The Privilege to Act Against Monopolies

Earlier this week, Judge Denise Cote of the United States District Court for the Southern District of New York gave the judiciary (and the legal profession as a whole) a lesson in opinion-writing with her decision on liability in the Apple e-book antitrust matter. As Professor Grimmelmann noted, "The U.S. v. Apple opinion is a masterpiece of narrative: it has a story to tell and it weaves the evidence together to tell it." The interesting — indeed, essential — story, though, is not the obvious one. Just like 1984 is much more than a depiction of a surveillance state, the story Judge Cote tells is about much more than the impropriety of the misleadingly misnamed "agency model". However, determining what that story is requires actually reading the bloody opinion — a task at which much of the media (and especially the revisionist "analysis" offered by the WSJ) arrogantly and ignorantly failed to even attempt.

The first narrative aspect of Judge Cote's 160-page opinion is that it is — as is increasingly the default in publishing these days — the first in a series. It does not state the consequences against Apple: It only confirms that there will be consequences against Apple (and, indirectly, confirms the consequences against the settling publisher-defendants). The opinion does not pretend to be the last word on the controversy; indeed, it even explicitly states that there will be further proceedings before Judge Cote.
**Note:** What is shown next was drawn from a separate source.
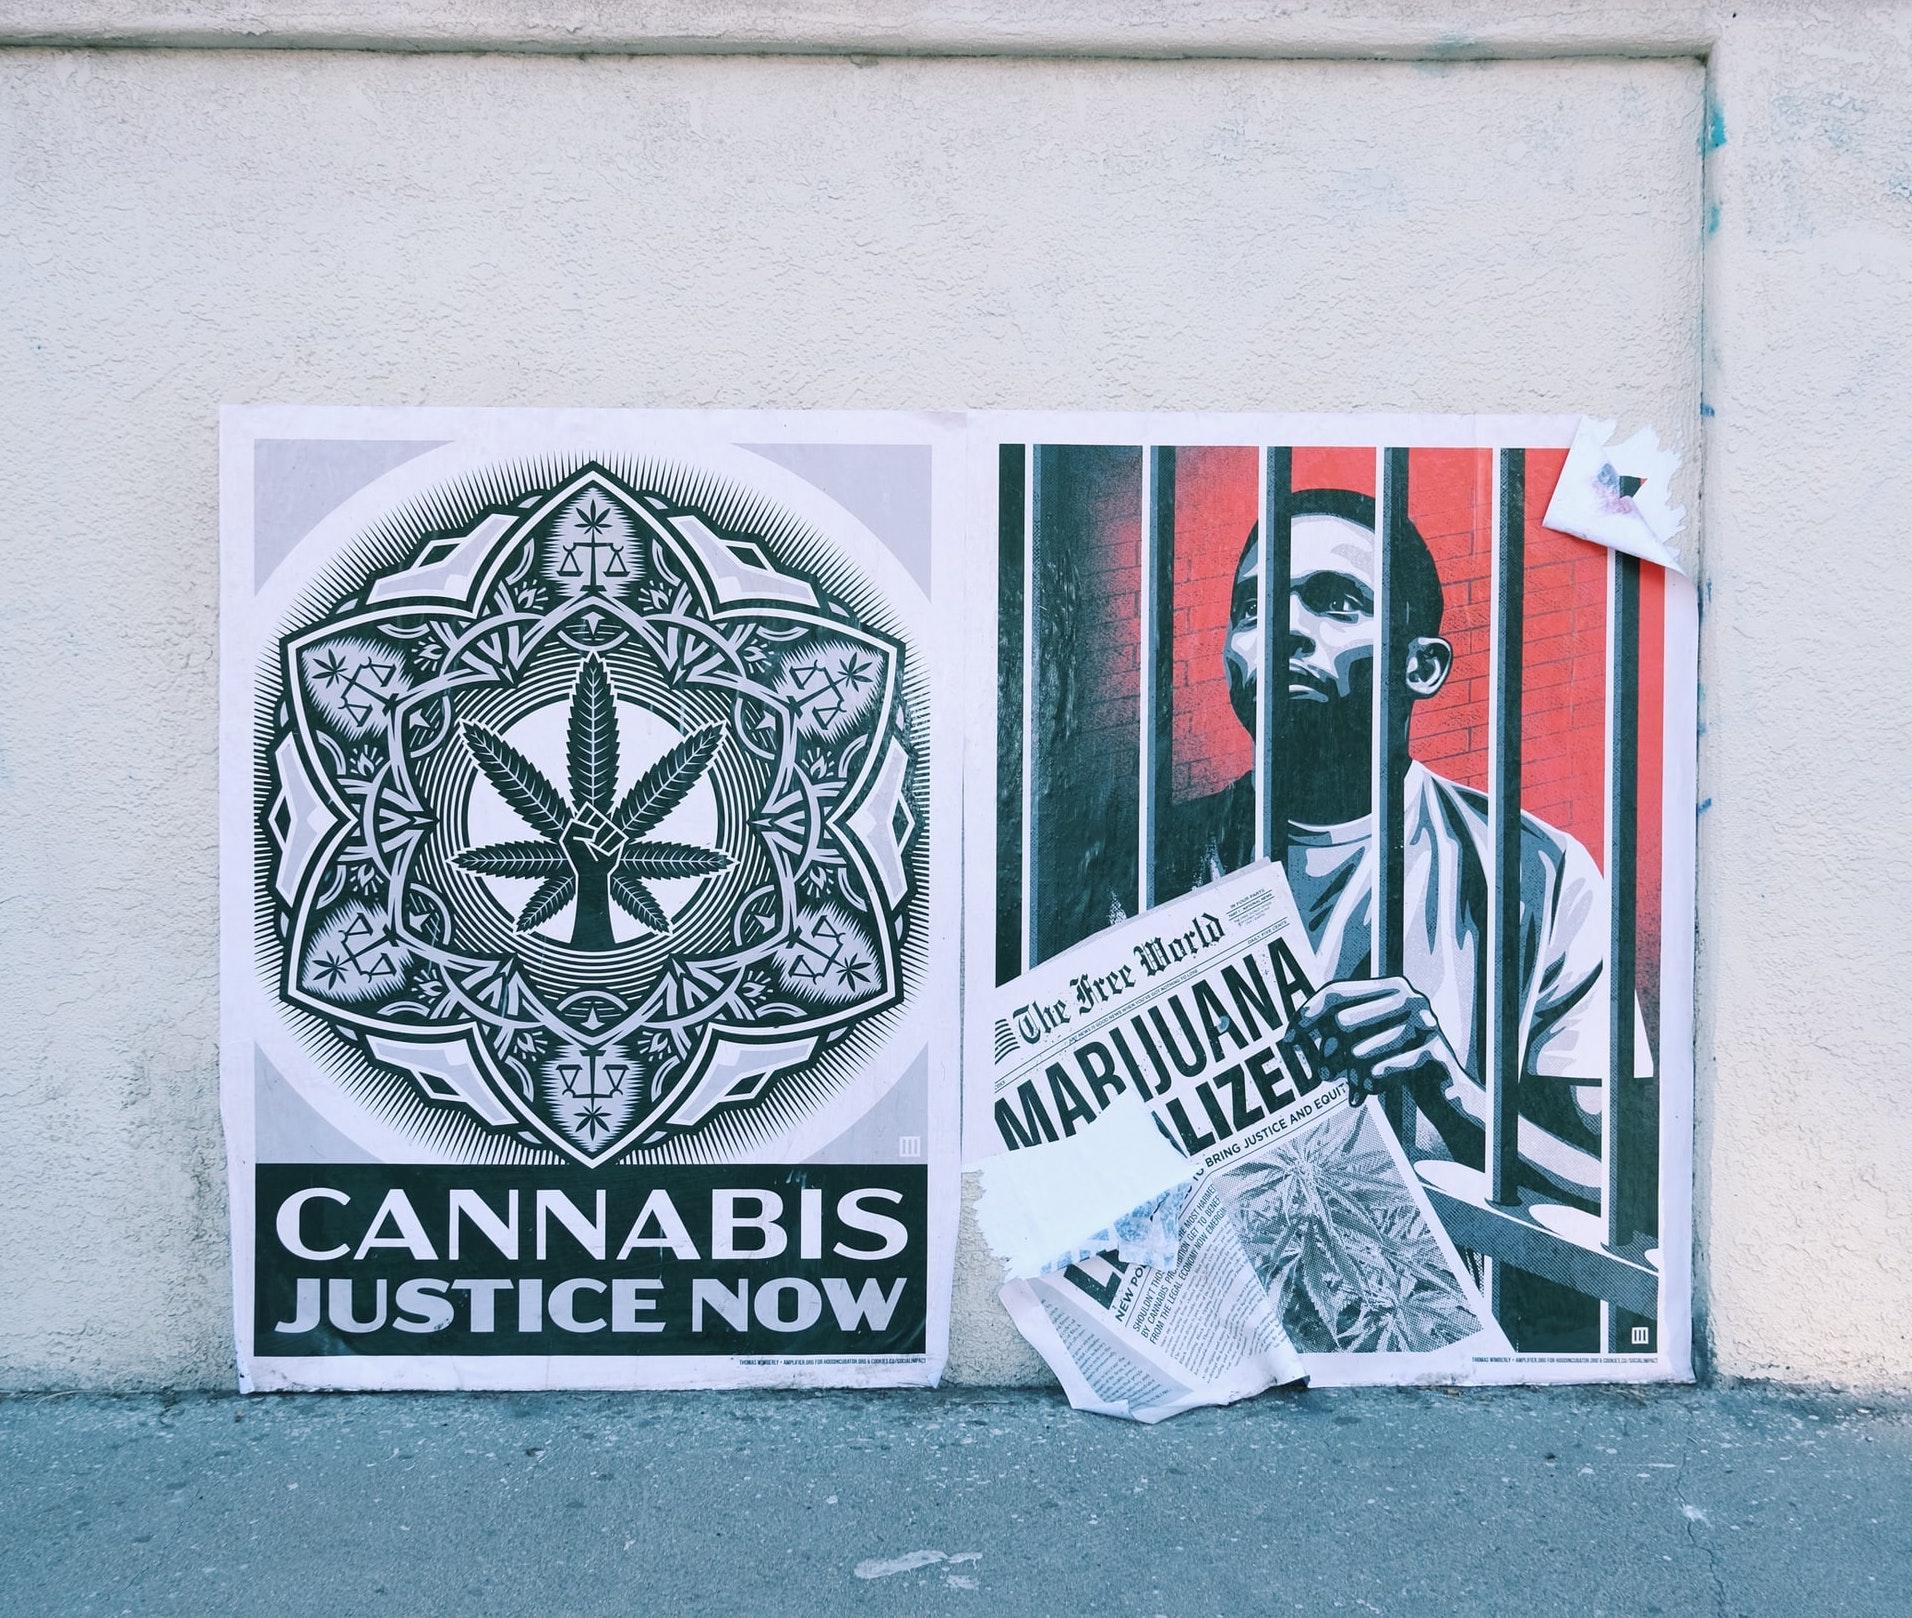 Nación Cannabis | ¿Qué pasará con la industria cannábica de EE. UU. con Biden?

Apple's promise to appeal is (procedurally) premature, as Judge Cote's opinion is not a final and appealable judgment.1

That said, the finding on liability is rather routine. The summary of the factual findings is well over half of the opinion. The analysis of the basis for liability is, frankly, basic regurgitation of blackletter antitrust law from the early weeks of a basic antitrust-law course; it is almost entirely uncontroversial among any but the most extreme ideologues-masquerading-as-economists. The non-routine aspects of the opinion are less than ten percent of its length and concern two formal defenses to liability raised by Apple: "independent business interests" (125–35) and "dangerous precedent" (155–58). The former defense is deceptively simple: That Apple was entitled to engage in ordinary business activities to advance its own interests — in this case, establishing a substantial (and hopefully dominant, although Apple has carefully avoided emphasizing that it doesn't want to compete with Amazon so much as replace it) position in the expanding market for e-books.2 Of course, this assumes that the ordinary business activities in question were, in fact, lawful… and the evidence demonstrated that they were not.
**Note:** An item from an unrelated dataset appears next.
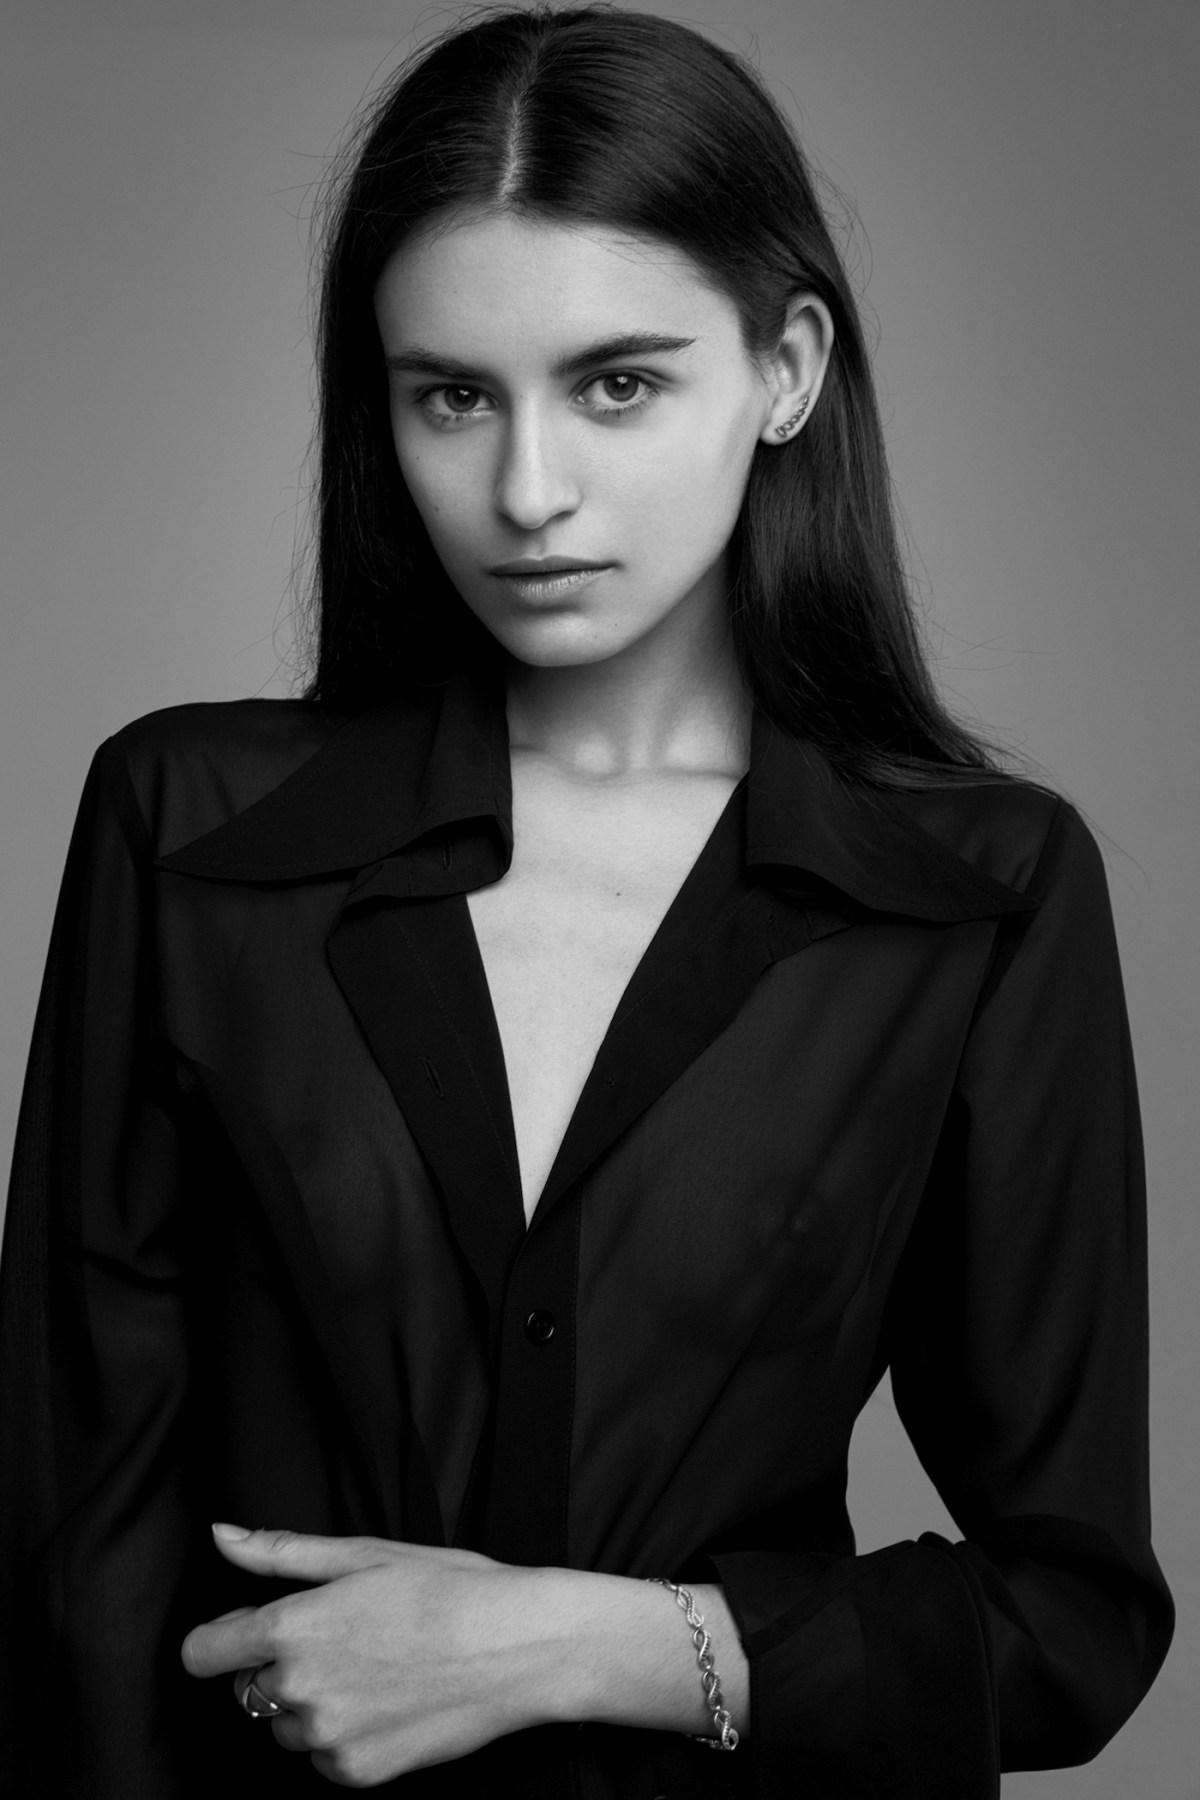 Yulya Shevtsova by Artemy Mostovoy

The latter defense is a bit more difficult to explain, although Judge Cote cuts rather directly to its core in rejecting it, and it is worth quoting her in full:

Finally, Apple warns that a ruling against Apple would set a dangerous precedent. It predicts that a finding that it violated the antitrust laws will deter entry into concentrated markets and punish innovation. It contends that its conduct was pro-competitive and created a healthier market. Censuring Apple for entering a tumultuous new market, in Apple’s view, will have a “chilling and confounding… effect not only on commerce but specifically on content markets throughout this country.”

It is certainly true that our nation’s antitrust laws should be applied with care. Courts must be sensitive to the unique features of any market and the ambiguities of commercial conduct to avoid chilling lawful competition. Providing new entrants with the ability to access markets has long been a mainstay of our economy and any court should be wary of discouraging such access or interfering with the natural evolution of markets. As the Second Circuit observed, “[a]ntitrust law is not intended to be as available as an over-the-counter cold remedy, because were its heavy power brought into play too readily it would not safeguard competition, but destroy it.”

It is not entirely clear to what Apple is alluding, however, when it describes its pro-competitive behavior and creation of healthy competition. If it is alluding to the Launch of the iPad, a revolutionary device that has encouraged innovation and competition, then its conduct can fairly be described as pro-competitive. But, this case has been only incidentally about the iPad. The iBookstore was not an essential feature of the iPad, and the iPad Launch would have occurred without any iBookstore. It was the pre-existing, remarkable features of the iPad that made the iBookstore an obvious addition to the device.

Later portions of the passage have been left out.